Нина откинулась на подушку, подавляя непроизвольное стремление снова и снова оттягивать ворот рубашки в попытках протолкнуть побольше воздуха в странно сузившееся, будто меховой лапой придавленное дыхательное горло или хоть отодвинуть невидимый лежащий на груди кирпич. Да что ж такое-то? Уже шестнадцатые сутки пошли, как она здесь, а все только хуже и хуже, и неизвестно, на сколько еще затянется!
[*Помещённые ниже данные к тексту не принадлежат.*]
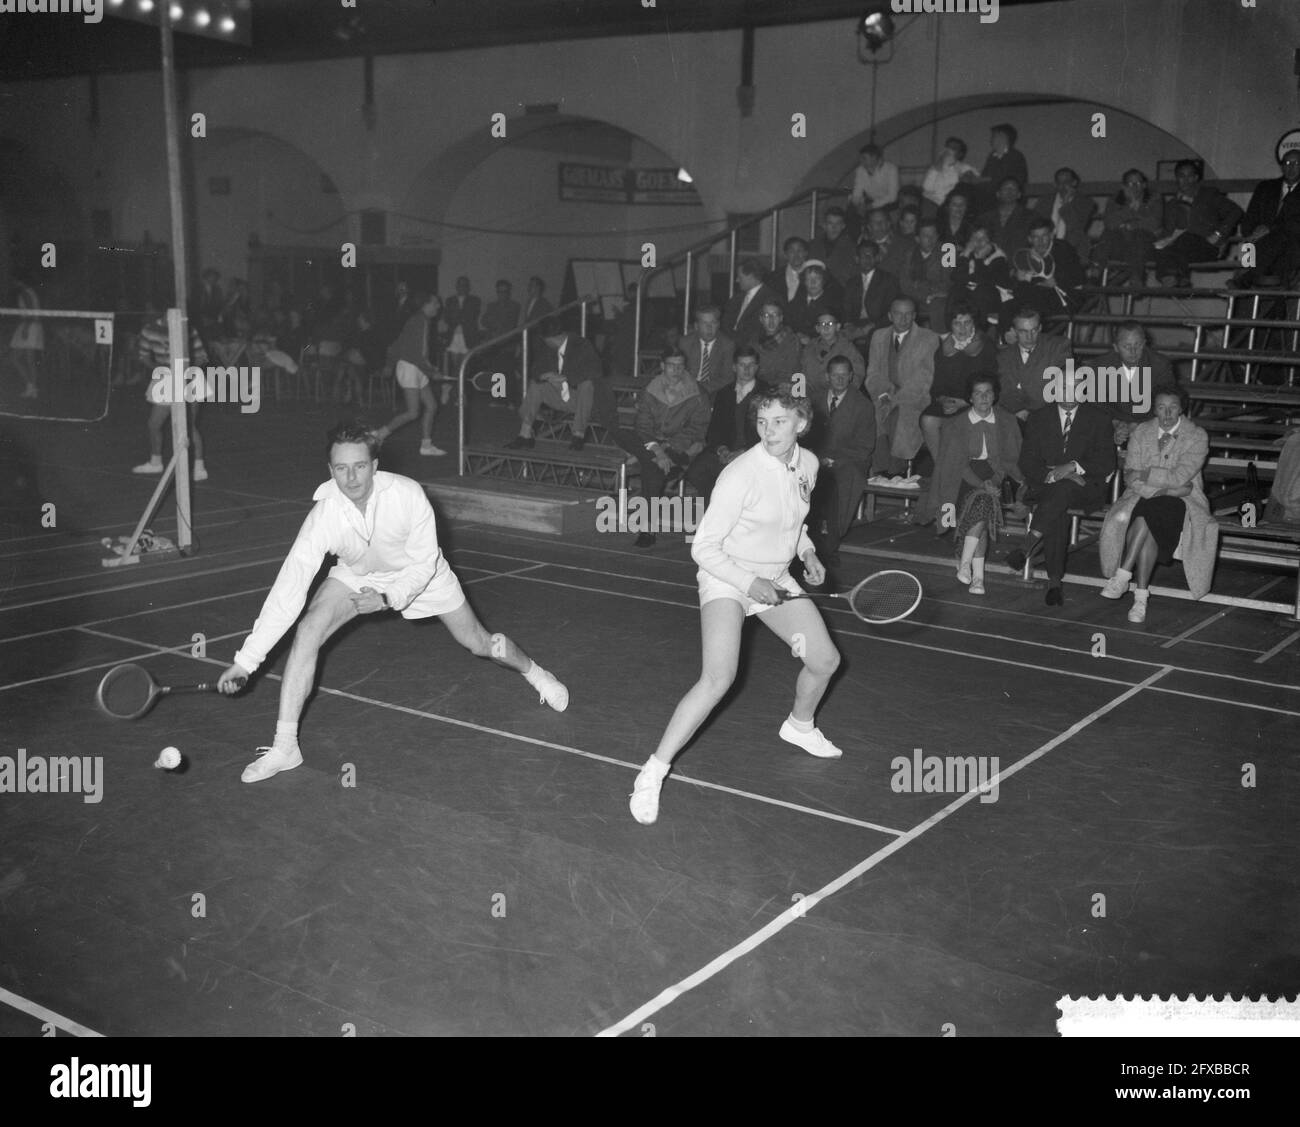 International badminton championship at Haarlem Ms. A. Marshall and J. Best,  February 14, 1960, badminton, sport, The Netherlands, 20th century press  agency photo, news to remember, documentary, historic photography  1945-1990, visual stories,

Хорошо хоть дома никто не ждет и не страдает, так что мучиться приходится только одним – собственным – страхом и болью – не двойными, не тройными, как у остальных, прикидывающих, на кого, в случае чего останутся дети… Живность домашняя – и та загодя пристроена… А в молодости у Нины был кот, названный ею в честь экзотического цветка какой-то заведомо недосягаемой страны, обожаемый и единственный (ни один настоящий котолюбитель не поспорит с тем, что истинный кот – как любовь – у человека в жизни может быть только один, сколько бы их впоследствии ни прошло через руки), но умер много лет назад, как раз, когда она попала в больницу с приступом острого холецистита. Родители рассказывали, что до последнего дыхания измученный болезнью и старостью зверь, когда-то похожий на стремительного горного хищника, косил свои изумительные хризолитовые глаза на дверь, все верил, что войдет хозяйка, – войдет и спасет… Или нет – просто почешет под подбородком, проведет двумя пальцами меж острыми бархатными ушами, и легок станет предстоящий неведомый путь.